Could please let us know in which environment you are facing an issue. Also i can see that you are using CUDA 12.3. could you please try by using CUDA 12.2. Thank You.
RHEL 9, Python 3.9, cudnn 12.9, and just upgraded CUDA to 12.4. Oddly, I have 2 GPU nodes that work just fine. The fix was to set CUDNN_PATH and include CUDNN_PATH/lib to $LD_LIBRARY_PATH. This one node has the same packages, but clearly there is some difference that I can’t find:
python3 -c "import tensorflow as tf; print(tf.config.list_physical_devices('GPU'))"

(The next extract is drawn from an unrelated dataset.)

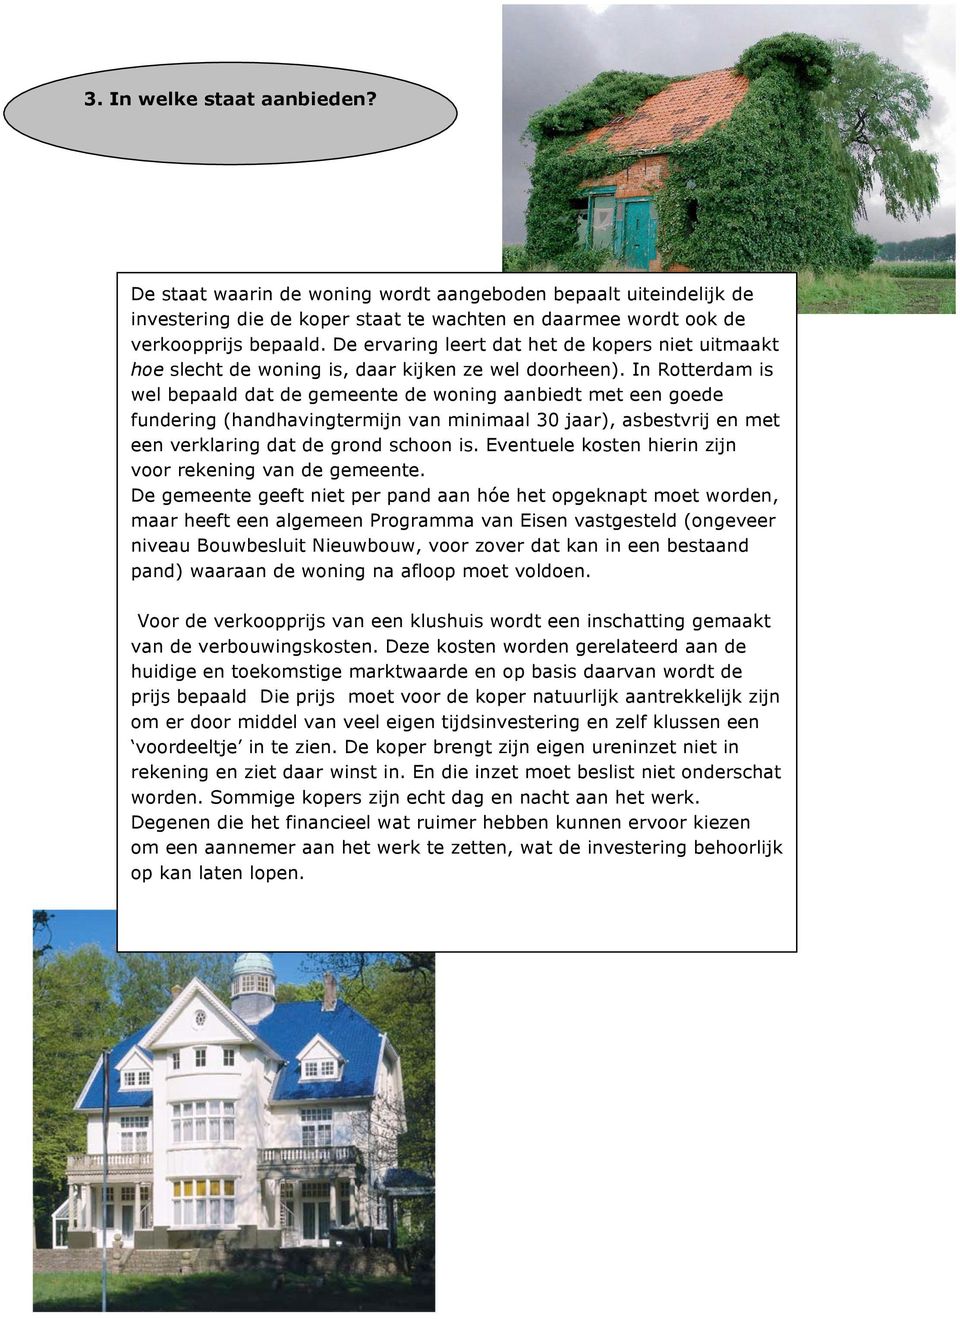 In Rotterdam is wel bepaald dat de gemeente de woning aanbiedt met een goede fundering (handhavingtermijn van minimaal 30 jaar), asbestvrij en met een verklaring dat de grond schoon is.

2024-02-26 14:35:16.580905: I tensorflow/core/util/port.cc:113] oneDNN custom operations are on. You may see slightly different numerical results due to floating-point round-off errors from different computation orders. To turn them off, set the environment variable `TF_ENABLE_ONEDNN_OPTS=0`.
2024-02-26 14:35:16.581143: I external/local_tsl/tsl/cuda/cudart_stub.cc:32] Could not find cuda drivers on your machine, GPU will not be used.
2024-02-26 14:35:16.584441: I external/local_tsl/tsl/cuda/cudart_stub.cc:32] Could not find cuda drivers on your machine, GPU will not be used.
2024-02-26 14:35:16.625948: I tensorflow/core/platform/cpu_feature_guard.cc:210] This TensorFlow binary is optimized to use available CPU instructions in performance-critical operations.
To enable the following instructions: AVX2 AVX512F AVX512_VNNI AVX512_BF16 AVX512_FP16 AVX_VNNI AMX_TILE AMX_INT8 AMX_BF16 FMA, in other operations, rebuild TensorFlow with the appropriate compiler flags.
2024-02-26 14:35:17.760304: W tensorflow/core/common_runtime/gpu/gpu_device.cc:2251] Cannot dlopen some GPU libraries. Please make sure the missing libraries mentioned above are installed properly if you would like to use GPU. Follow the guide at https://www.tensorflow.org/install/gpu for how to download and setup the required libraries for your platform.
Skipping registering GPU devices...
[]
Notice that the log:
Could not find cuda drivers on your machine, GPU will not be used.
is repeated twice. That indicates 2 devices, and indeed, there are2 GPU’s, there has to be an env variable I am missing.
Hi @RtheK, As per test build configuration Tensorflow 2.16.1 supports CuDnn 8.9 and CUDA 12.3 but you are trying with CUDA 12.4 which is incompatible with 2.16. Could you please try with CUDA 12.3. Thank You.